Aside notes: the furnace didn't work from the time we moved in, he was notified on several occasions, refused to fix it, and we ended up paying to have it evaluated and fixed ourselves nine months into the lease. Also, the water was shut off when we first moved in because he hadn't paid those bills, so we paid for the water ourselves even though per the lease we were only to have paid for gas and electric (there's now a lien from the county utilities for his outstanding water bill. The company that did the restoration work on the home was never paid, the owner sent three different insurance companies to the house after the work was completed but they came under the impression that the damage had just occurred). The owner sued us late last summer for unpaid rent, when my husband appeared at the court date, he and the owner's lawyer came to an agreement to pay the monies due to the point and the owner would address property issues. He never addressed the issues, we ended up fixing the furnace ourselves and paying a portion of the rent owed but not all. At this time we were pursuing hiring an attorney to represent us that we could afford, in the meantime, we were summoned to appear again - the attorney we had planned to hire couldn't appear on that date and instructed us to ask for a continuance, which we did but the judge denied without any discussion. Just prior to that court date, the owner's attorney informed us that the owner wanted us to pay for the work that was done on the house (the water damage/broken pipes occurred prior to our lease and we had a standard lease, not a rent to own). When we questioned his lawyer regarding the non-sensical nature of that request, she didn't respond directly to that.

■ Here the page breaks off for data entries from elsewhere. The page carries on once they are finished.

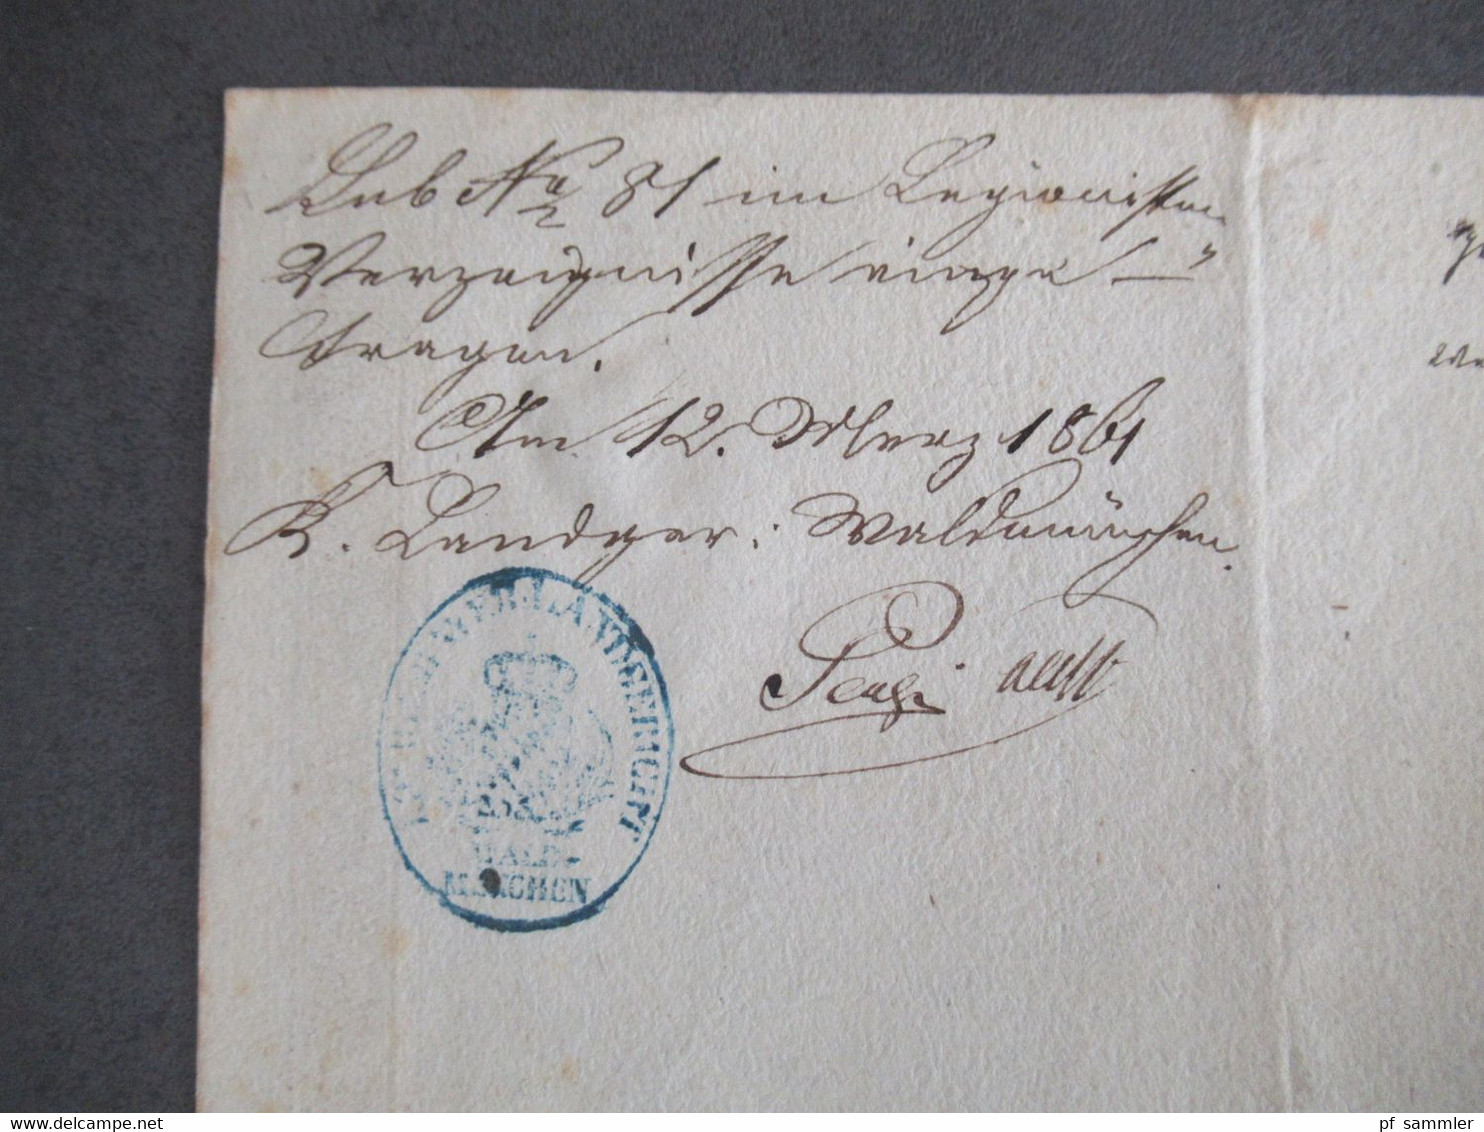 Urkunde Abschied Königlich Bayerische Armee aus dem Jahre 1861 (geboren 1833) Regensburg 11. Infanterie Regiment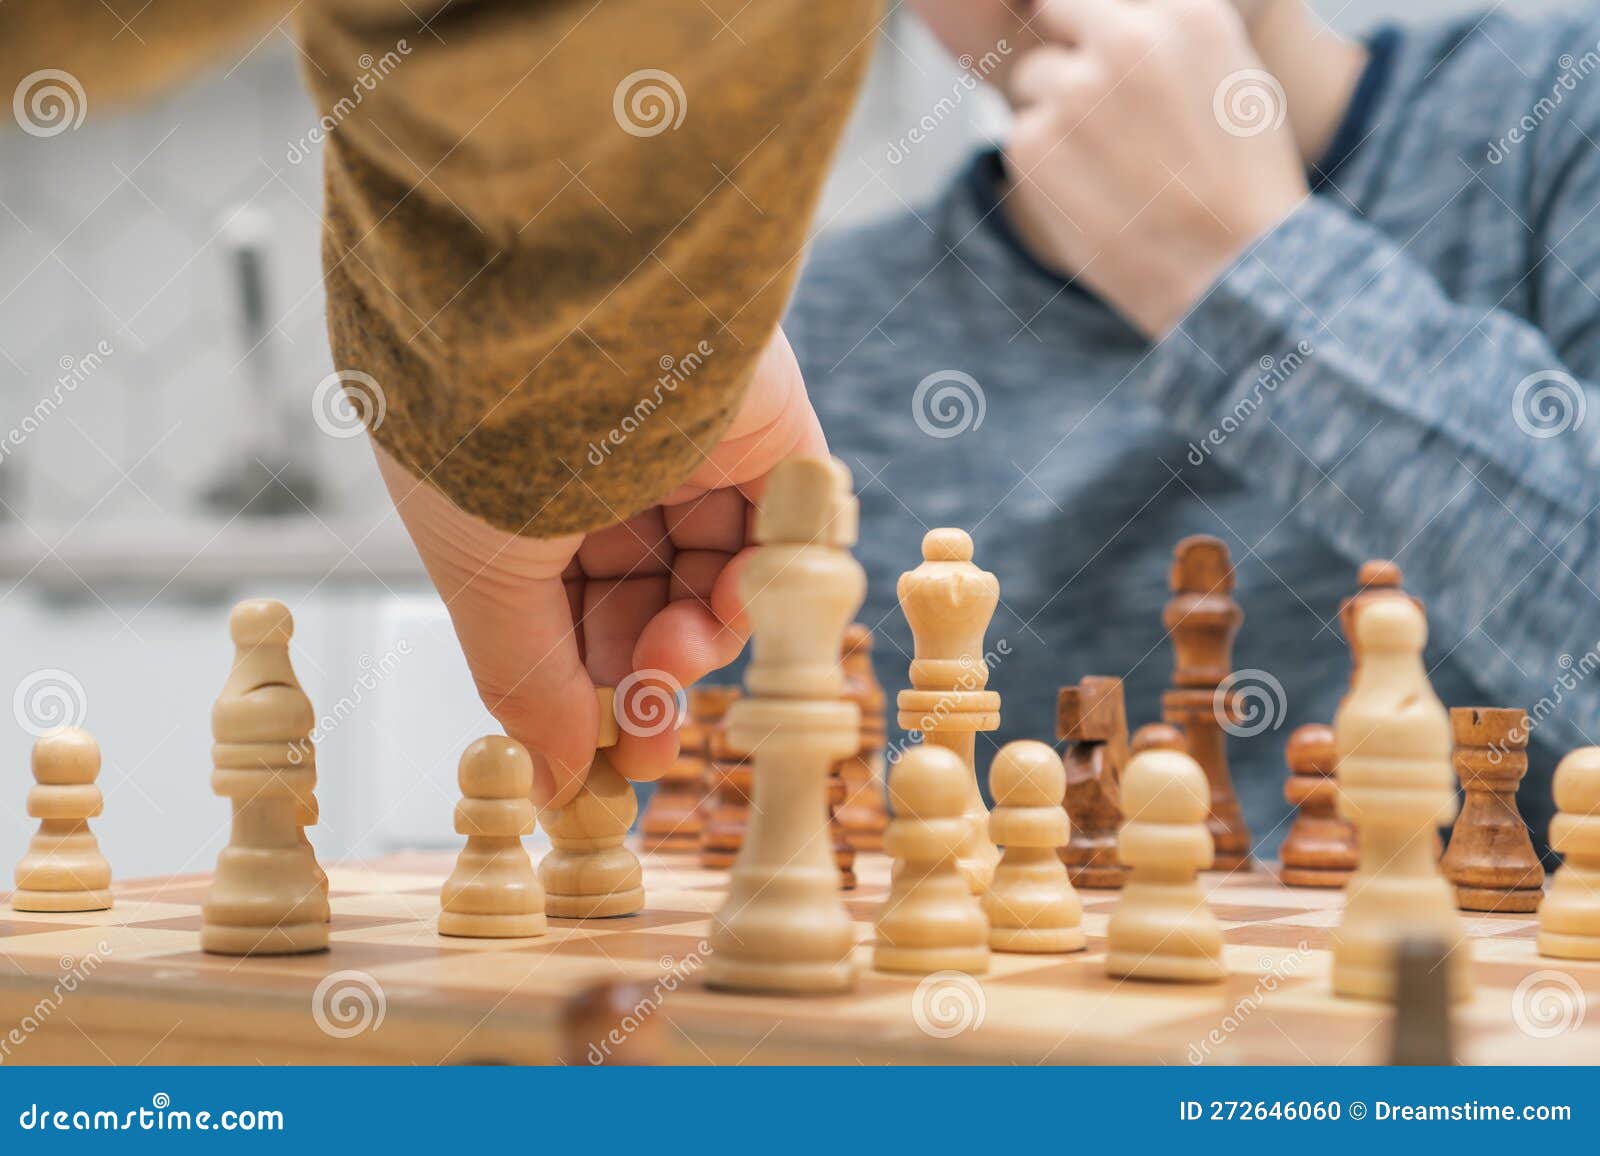 Jogando xadrez de madeira. peão branco contra o resto das figuras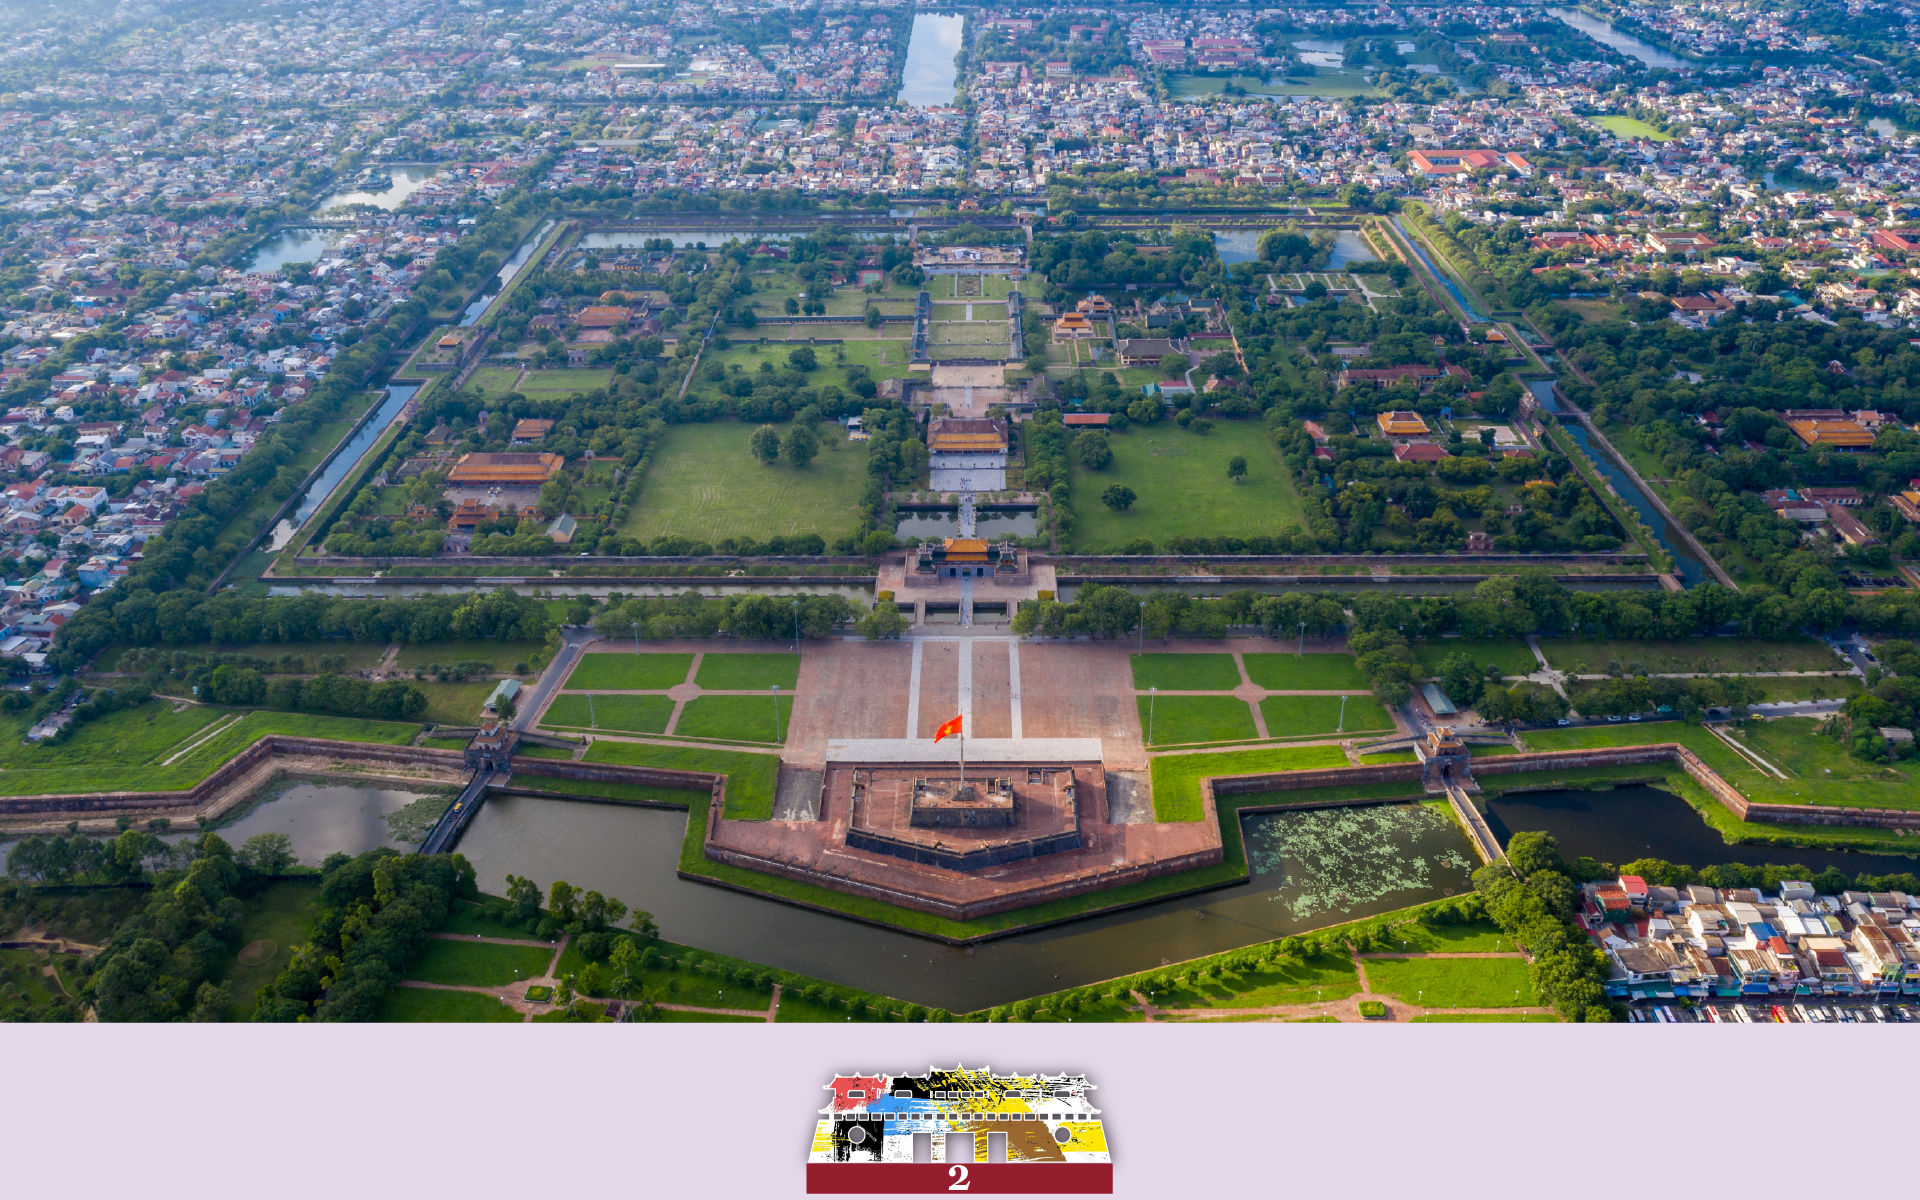 Nỗ lực “nâng” Thừa Thiên - Huế trở thành Thành phố di sản và hiện đại - Ảnh 3

Now he was a default judgement (as the continuance was denied) and the lawyer we intended to hire as well as another lawyer we consulted with told us we had 180 days to request a motion to vacate the judgement - but we've just learned that we only had 30 days and today is day 32. Apparently there's a more advanced motion that we could file, but it requires us to serve this owner (he's the sole owner) and we have no address or contact information for him, and even if we did - he lives overseas in England.

So frustrated. What should we do??


Asked on 2/17/17, 1:56 pm

1 Answer from Attorneys

Unfortunately this is too complex for this forum. However, there are several different time limits that could be in play -- 30 days for a vacation for no cause, 90 days up to a year with cause..... Instead of just 'consulting', however, engage an attorney. This is beyond the "DIY" stage from all you posted.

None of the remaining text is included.